Aucun recours en annulation de l’arrêté de placement en rétention administrative n’a été déposé au visa de l’article L 741-10 du code de l’entrée et du séjour des étrangers et du droit d’asile.
Vu l’article 455 du code de procédure civile,
Vu l’ordonnance du magistrat du siège du tribunal judiciaire de Lille en date du 7 décembre 2025 à 15h08, rejetant l’exception d’irrégularité soulevé par M. [F] [D] et ordonnant la première prolongation du placement en rétention administrative de l’intéressé pour une durée de 26 jours,
Vu la déclaration d’appel de M. [F] [D] du 7 décembre 2025 à 22h19 demandant d’infirmer l’ordonnance dont appel, de constater l’irrégularité de la procédure, subsidiairement il demande son assignation à résidence judiciaire, et d’ordonner sa libération.

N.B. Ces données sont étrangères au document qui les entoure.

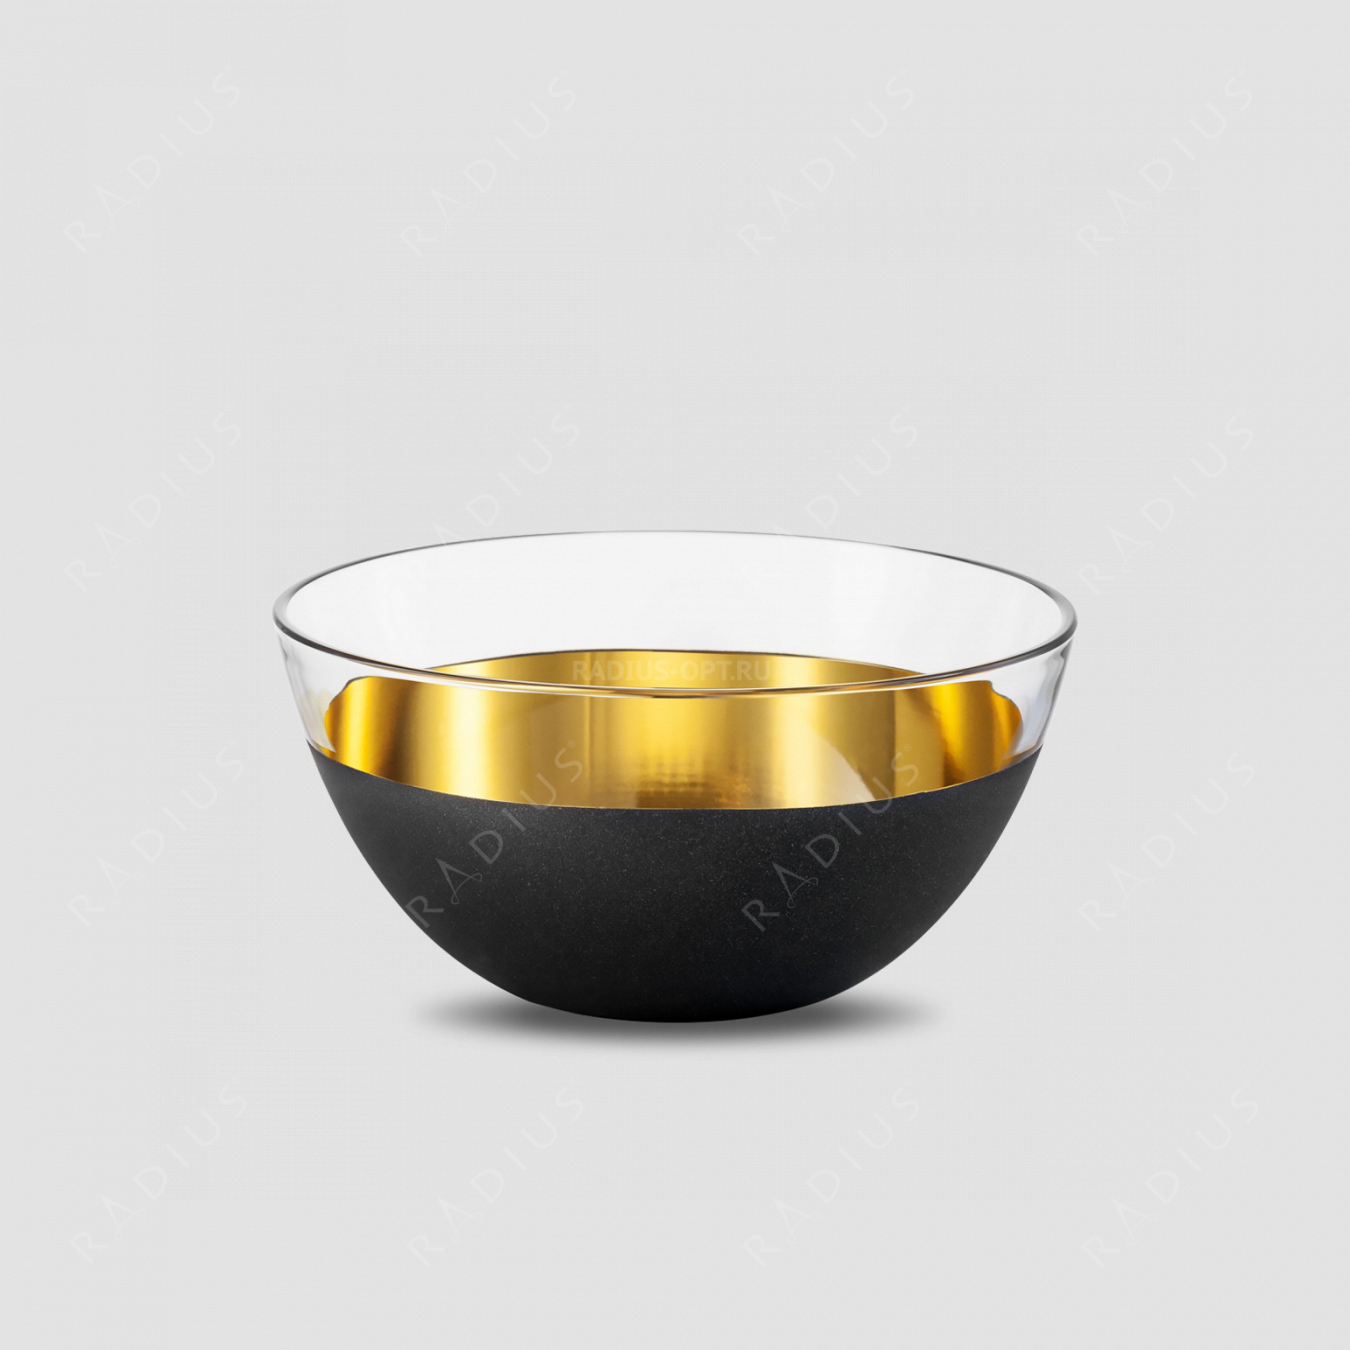 Чаша Gold, диаметр: 14 см, материал: бессвинцовый хрусталь, цвет: черный/золото, серия Cosmo, EISCH, Германия

De la lecture de sa déclaration d’appel, la cour comprend que l’appelant reprend le seul moyen développé devant le premier juge tiré de la notification irrégulière des droits en garde à vue par téléphone, et ajoute en cause d’appel une demande d’assignation à résidence judiciaire.
MOTIFS DE LA DÉCISION
Sur le moyen tiré de la notification irrégulière des droits en garde à vue
Sur ce point et en l’absence d’élément nouveau soumis à son appréciation, la juridiction d’appel estime que c’est par une analyse circonstanciée et des motifs pertinents qu’il convient d’adopter au visa de l’article 955 du code de procédure civile que le premier juge a répondu à ce moyen et l’a rejeté.
Le moyen est rejeté.
Sur la demande d’assignation à résidence judiciaire
L’article L.743-13 du code de l’entrée et du séjour des étrangers et du droit d’asile dispose que:
'Le magistrat du siège du tribunal judiciaire peut ordonner l’assignation à résidence de l’étranger lorsque celui-ci dispose de garanties de représentation effectives.
L’assignation à résidence ne peut être ordonnée par le juge qu’après remise à un service de police ou à une unité de gendarmerie de l’original du passeport et de tout document justificatif de son identité, en échange d’un récépissé valant justification de l’identité et sur lequel est portée la mention de la décision d’éloignement en instance d’exécution.
Lorsque l’étranger s’est préalablement soustrait à l’exécution d’une décision mentionnée à l’article L. 700-1, à l’exception de son 4°, l’assignation à résidence fait l’objet d’une motivation spéciale.'
Le fait de justifier disposer 'd’une résidence effective et permanente dans un local affecté à son habitation principale’ conforme à l’article L.612-3,8° du code de l’entrée et du séjour des étrangers et du droit d’asile peut néanmoins, au cas d’espèce, légitimement être considéré par l’autorité judiciaire comme insuffisant pour accorder à l’étranger une assignation à résidence sur le fondement de l’article [4]-13 précité, dés lors que d’autres éléments de fait permettent raisonnablement de considérer que l’étranger n’entend pas se conformer à l’obligation de quitter le territoire français et qu’en conséquence la mesure d’assignation à résidence ne serait pas suffisamment coercitive pour assurer la bonne exécution de l’éloignement.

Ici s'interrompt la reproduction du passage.